The concept of the neoliberal city has become a key structuring analytical framework in the field of urban studies. It explains both the ongoing transformation of urban policies and the socio-spatial effects of these policies within cities and highlights the prominent role of cities in the new geography of capitalism.
Bringing together a team of leading scholars, this book challenges the neoliberal city thesis. It argues that the definition of neoliberalization may be more complex than it seems, resulting in over-simplified explanations of some processes, such as the rise of metropolitan governments or the importance given to urban economic development policies or gentrification. As a structuralist and macro-level theory, the "neoliberal city" does not shed light upon micro-level processes or identify and analyze actors' logics and practices. Finally, the concept is profoundly influenced by the historical trajectories of the United Kingdom and the United States, and the generalization of this experience to other contexts often leads to a kind of academic ethnocentrism.

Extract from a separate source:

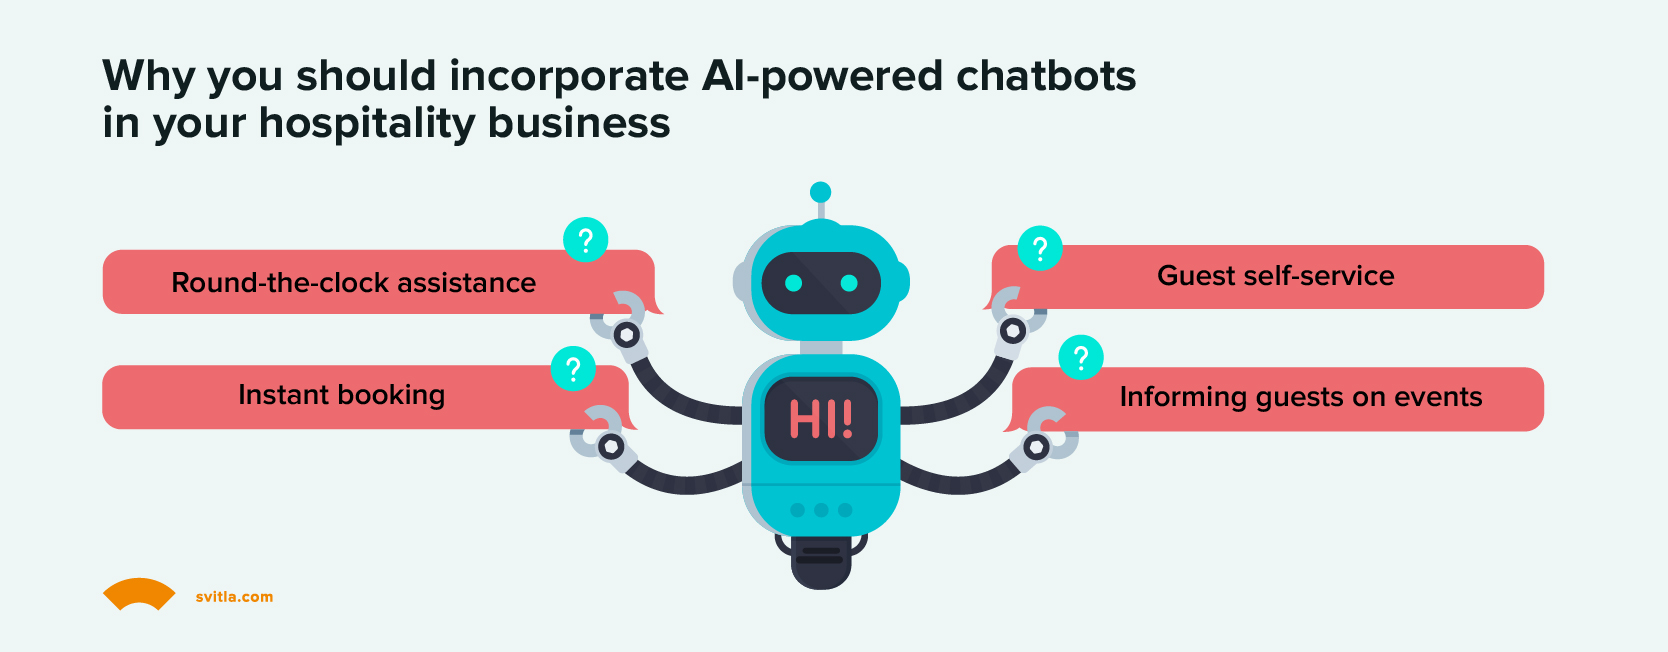 Why use chatbots for personalization in the hospitality industry

This book argues that, on its own, the current conceptualizations of neoliberalization are insufficient. Instead, it should be analyzed alongside other transformative processes in order to provide an analytical framework to explain the variety of processes of change, motivations and justifications too easily labelled as urban neoliberalism. This unique and critical contribution will be essential reading for students and scholars alike working in Human Geography, Urban Studies, Economics, Sociology and Public Policy.